2.  Response. The Operator will have the time specified by the Director in the notice to respond to the Notice of Violation, unless an extension is requested in writing and granted by the Director. The Response mustaddress each violation, including the cause of the violation and any corrective actions taken, and identify
any other relevant facts.

3.  Assessment of Fine

a. Based on the Operator’s response, if any is provided, and any other competent evidence, the Director
will determine if a violation has occurred and, if so, the appropriate penalty to assess. Any fine
imposed after consideration of the response will be measured with respect to the first date of
discovery of the violation or the date the violation first occurred and continues until the violation has
been remedied to the satisfaction of the Director.
b. If the Operator disputes the Director’s determination that a violation occurred or the amount of any
fine assessed, an appeal as specified in Section 12-1500(D) must be made within 14 days of the
determination. Any requirement to remedy the violation will not be stayed during the appeal period.

C. Penalty Calculation. The Director has discretion to assess a civil penalty between $300 and $15,000 per
violation per day, depending on the nature and severity of the violation, statutory authority, and application
of the additional factors listed in subsection (b) below.

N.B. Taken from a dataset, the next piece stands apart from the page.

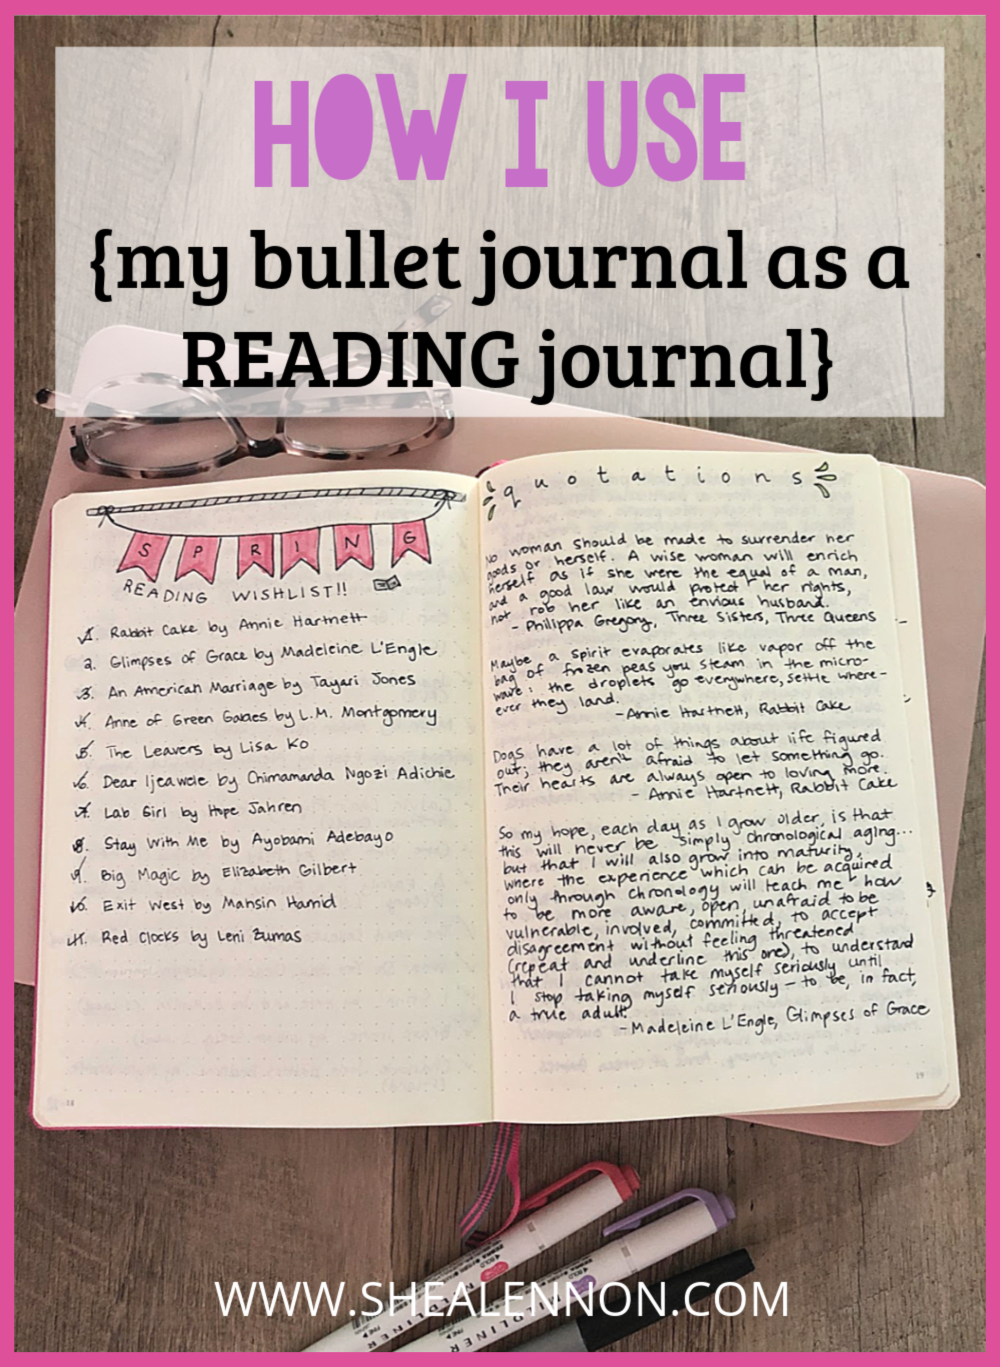 How I Use a Bullet Journal to Track My Reading - Shea Lennon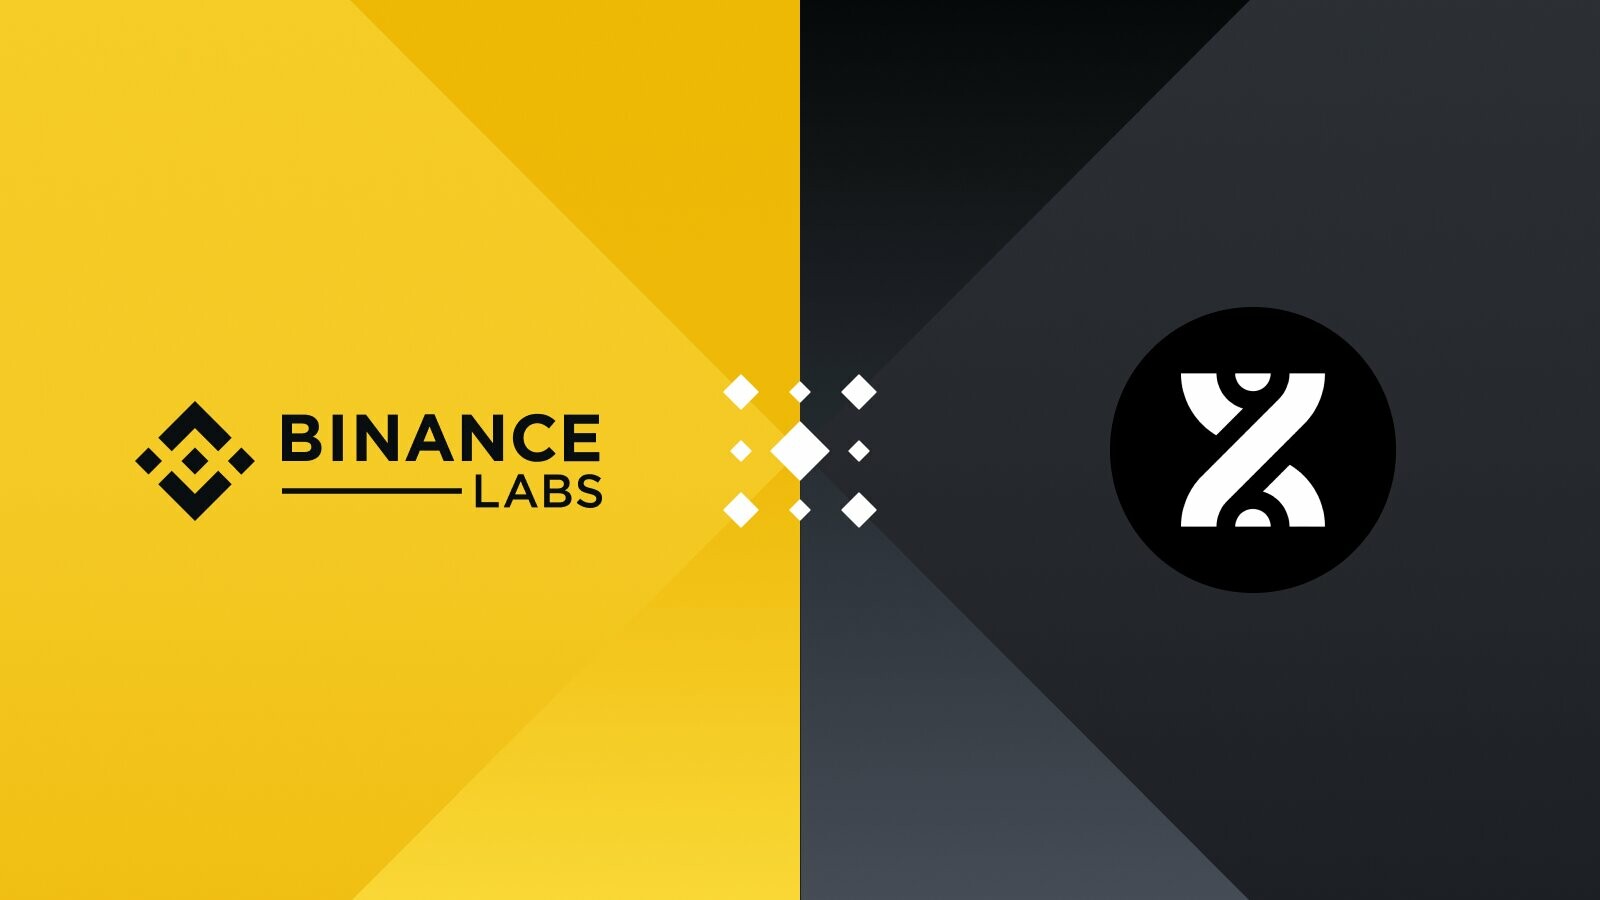 CRYPTONEWSBYTES.COM Binance-Labs-Invests-in-BounceBit-to-Enhance-Bitcoin-Utilization-Through-CeDeFi-Protocols Binance Labs Invests in BounceBit to Enhance Bitcoin Utilization Through CeDeFi Protocols

1. To evaluate the severity of the violation, the Director will consider the following:

a. Degree of threatened or actual impact to public health, safety, welfare, the environment or wildlife;
b. Existence, size, and proximity of potentially impacted livestock, wildlife, fish, soil, crops, water, and all
other environmental resources;
c. Degree of threatened or actual damage to agricultural lands, public lands, private property,
freshwater sources, public drinking water, natural resources, environmental features, or wildlife;
d. The size of the leak, release, or spill;
e. The violation resulted in a significant waste of oil and gas resources;
f. Toxicity of leak or spill;
g. Violation led to death or serious injury; and
h. Duration of the violation.

2. In addition to considering the severity of the violation, the Director will consider the following:

a. Whether the same or similar violations have occurred at the location;
b. Whether other violations have occurred at the location in the previous 12 months;
c. The Operator’s history of violations of any applicable rules, of similar or different types, at the
location or others;
d. The timeliness and adequacy of the Operator’s corrective actions;
e. The degree the violation was outside of the violator’s reasonable control and responsibility;
f. Whether the violator acted with gross negligence, or knowing and willful misconduct;
g. Whether the violator self-reported; and
h. Whether violator was cooperative with all agencies involved in working to mitigate the impacts of the violation.